# Zech Zimmerman # How To Use Any/All Efficiently in Python

## Using generator expressions and the filtering if syntax to make the any & all functions as fast as possible.

One day you're tasked with checking if the number 200 million is in the range of 0 to 1 billion. Super trivial I know, just use the `any` function with a listcomp, bam, done.

``````def find_200_million() -> bool:
return any([number == 200_000_000 for number in range(1_000_000_000)])
``````

Not so fast though! You've got 1 billion numbers and it just hangs when you run it... For me, it hangs for about 42 seconds.

## Why? How can we prevent it from hanging?

First off let's understand what is happening and then we'll see if we can't find a way to prevent it from hanging.

When we run that function two things happen:

1. The listcomp runs, building a list of ~1 billion bools checking if each number equals 200 million.
2. `any` then runs, iterating through the list checking if any of the items are `True`, as soon as a `True` is found, it returns.

So there are two loops iterating 1.2 billion times! `any` will iterate to the 200 millionth value fairly quickly. The listcomp, on the other hand, is building a massive list of 1 billion boolean values. That takes a lot of time. When I ran it, the listcomp took about 40 seconds to complete while `any` found the first `True` in under 2 seconds.

Now that we know what's happening, how can we improve this performance? The primary issue is that there are a ton of values and it takes time to create the list. So if we can reduce the number of values that get added to the list it should be able to finish more quickly.

## Implementing the listcomp more efficiently!

The list can be made smaller by using the listcomp's `if` filtering syntax. This will cause the generated list to only contain `True` values and no `False` values.

``````def find_200_million() -> bool:
return any([True for number in range(1_000_000_000) if number == 200_000_000])
``````

Now we're generating a list that only contains one item for each number that was equal to 200 million. So we get a list with only a single item. Testing this I find the listcomp finishes in 33 seconds, about 7 seconds faster, and `any` finishes instantly since it only needs to search a list with a single item. So it's gone from taking about 42 seconds to only taking 33!

## Can this be any faster?

33 seconds is still a lot of time, how can we further improve this? Currently, the listcomp is iterating through all 1 billion items, checking each one, and then giving back a list. What if we used a generator expression instead? Would that help?

``````def find_200_million() -> bool:
return any(True for number in range(1_000_000_000) if number == 200_000_000)
``````

Running this it finishes in just 6 seconds!

## Why is the generator expression so fast?

Generator expressions aren't faster than listcomps. Their only advantage is that they create the next item on request, whereas the listcomp generates the entire list ahead of time. This is great when using `any` since it will stop as soon as it finds a match.

Let's break down the steps this code is going through to better understand how it works.

1. A generator is created that will go from 0 to 999,999,999 and will yield `True` for each value that is equal to 200 million.
2. `any` is passed the generator and requests the first value from it.
3. The generator begins iterating through the numbers until it finds one that meets the condition of equalling 200 million. It then yields a `True` back to `any`.
4. `any` gets the yielded `True` and returns, checking no more values.

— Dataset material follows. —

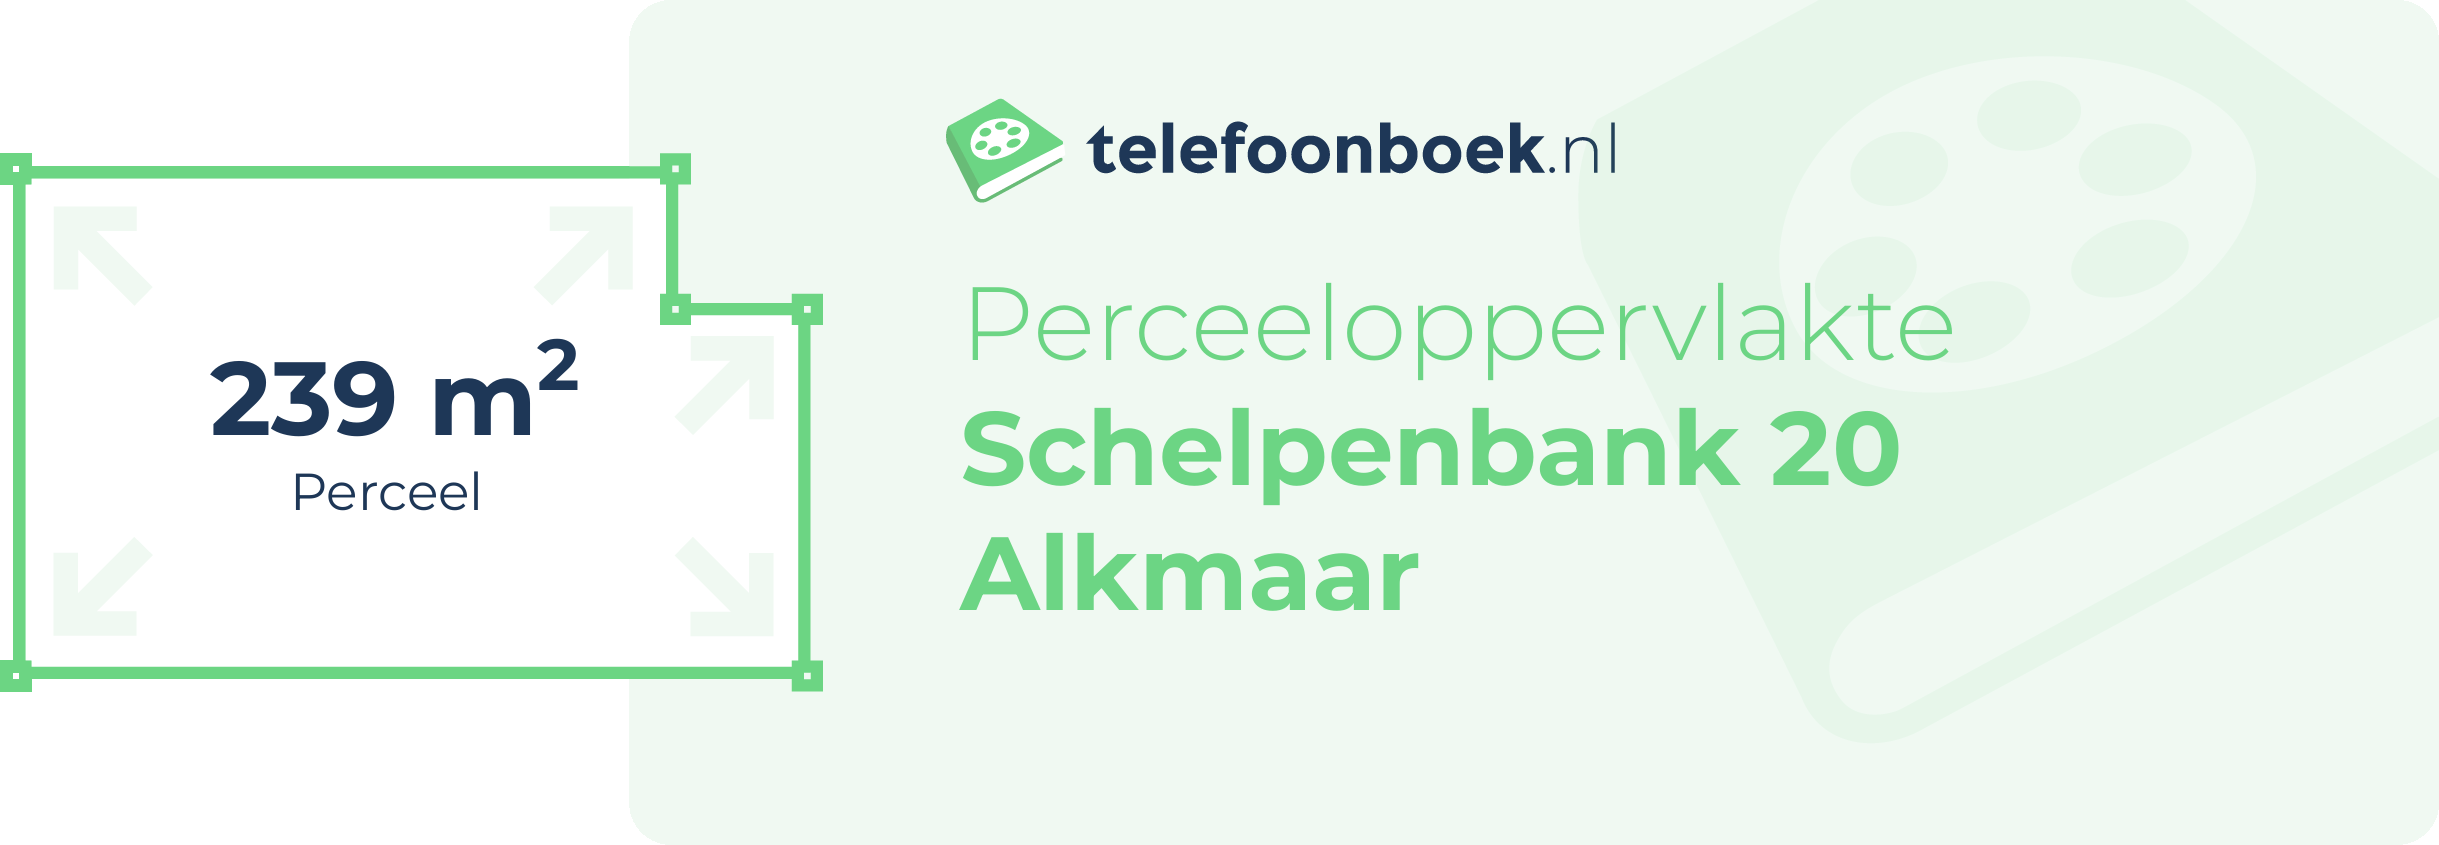 Perceeloppervlakte Schelpenbank 20 Alkmaar
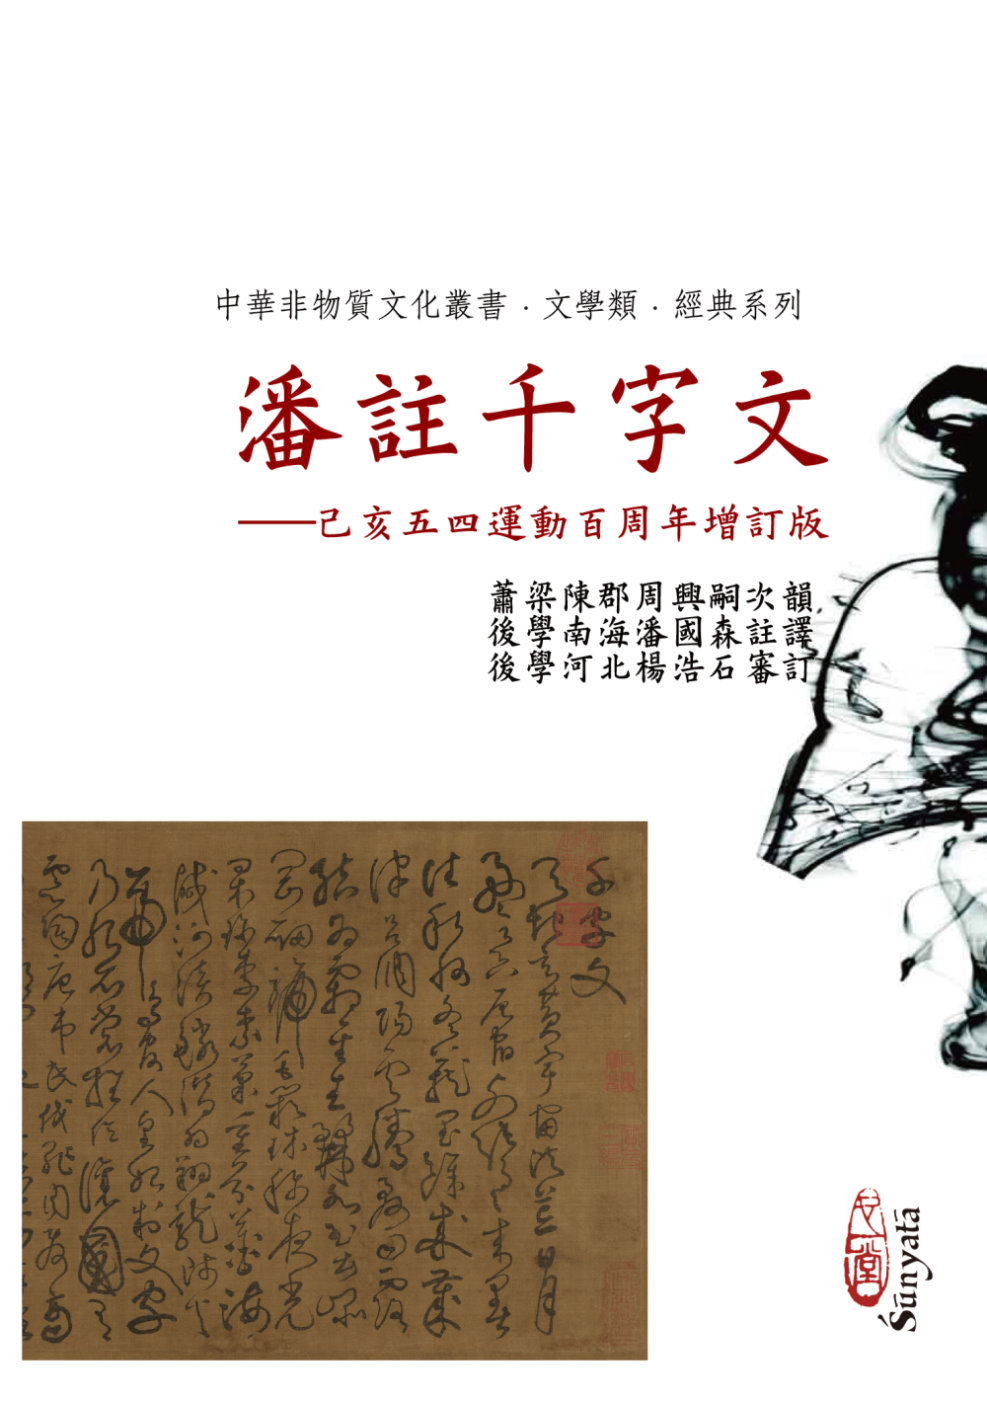 潘註千字文——己亥五四運動百周年增訂版

So, this is faster because nothing is iterating past the 200 millionth number in the range!

If on the other hand, we had been searching for the last number in the range (999,999,999), this would have been about as fast as using a listcomp. It's only faster when the first value that meets the condition is not at the end of the search space.

## Ok, but what if we didn't use the filtering if?

So, this raises the question, what if we had the condition as the yielded value and didn't use the `if` filtering syntax on the generator expression?

``````def find_200_million() -> bool:
return any(number == 200_000_000 for number in range(1_000_000_000))
``````

This finishes in about 9 seconds, so it's about 3 seconds slower than using the filtering `if`. This is because now the generator is yielding `False` for the numbers 0 to 199,999,999, and `any` is having to do 200 million checks before it's done. That's 199,999,999 more checks than when we used the filtering `if`.

## In summary

Using the filtering `if` syntax will narrow the search space that `any` has to scan and when done correctly `any` will only have to check the first value it sees. Also, use generator expressions. They're not always faster but they will stop as soon as `any` is done, often saving time and always saving memory!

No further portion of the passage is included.